Not his underlings, not his shops, not the camps. Then… what else? He could search for Straw… but at this point, he was pretty sure Straw was in the Alliance with Ernesto, so there wasn’t much to find over here. He could empower himself, but aside from continuing to slurp up Impure Wells–which was more of a top-up than an empowerment these days–there wasn’t much on the menu that he could do quickly. Sure, he could go dedicate himself to finding some powerful poisons and impurities to level up, or spend some time wracking his brain over the void, but the first one took time and the second one took mental health, neither of which he had in spades right now. Plus, he could do either of them any time. When the Empire was gone, he could still level up. So what should he do right now, while the Empire continued to exist? If possible, something he could only do with the Empire around, which ideally would also help him destroy the Empire…
Rhys snapped his fingers, his eyes widening. That was it! The trash heaps! The Empire had stripped all the manuals and powerful artifacts from the pre-Empire mages and threw them into giant trash heaps. He’d known about them for the longest time, but other things had always come up. But now he was at capacity on his restaurants, had no easy or quick ways to level up, and the Empire was coming down any day now. This was the time. The moment was here! It was time to go raid the trash heaps!

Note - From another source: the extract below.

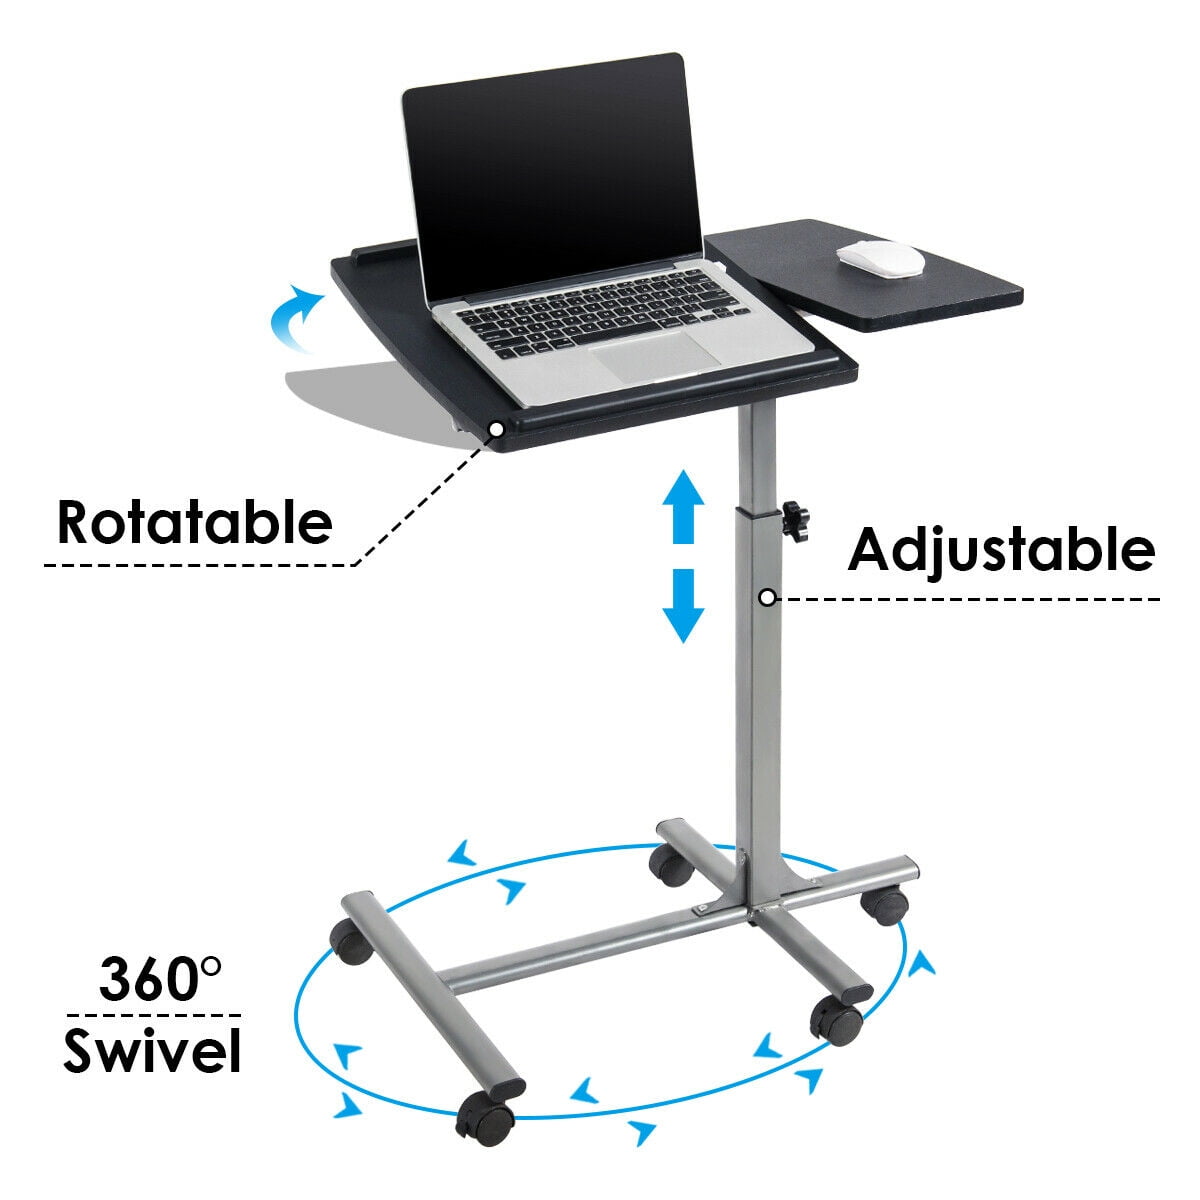 Heavy Duty Angle & Height Adjustable Rolling Laptop Notebook Desk Sofa Bed Table Stand with Side Table and Casters 180° Tilt 360° Swivel Space-Saving Multifunctional Desk for Study Or Work

As it turned out, finding the location of the trash heaps–or, properly, heap–was as easy as asking a few long-term Empire citizens, aka the ex-criminals. The heap’s location wasn’t secret. It was well-known, especially amongst the criminal element, who were equally as interested in the heap as Rhys was, for their own reason. Apparently, the mana battery that Logan Waters had been using came from the heap. The problem, however, was that the heap was well-known by the Empire’s citizens because everyone knew it was full of valuable artifacts, the Empire, its criminal elements, outside mages, everyone. As a result, the Empire guarded its heap well. Guards patrolled it 24-7, and not weakling Tier 1 guards, either, but Tier 2s, 3s, and 4s. It would be the hardest heist he’d done so far, harder than all the camps combined, harder, even, than raiding the criminals.
His eyes glittered. He grinned. But I’m up for a challenge. And if all goes right… it might even be the kind of challenge where I end up getting stronger… and maybe Lira and Mouse too, if we’re lucky!
And so, Rhys set his sights, at last, on the garbage heap full of powerful artifacts from the Empire’s conquest.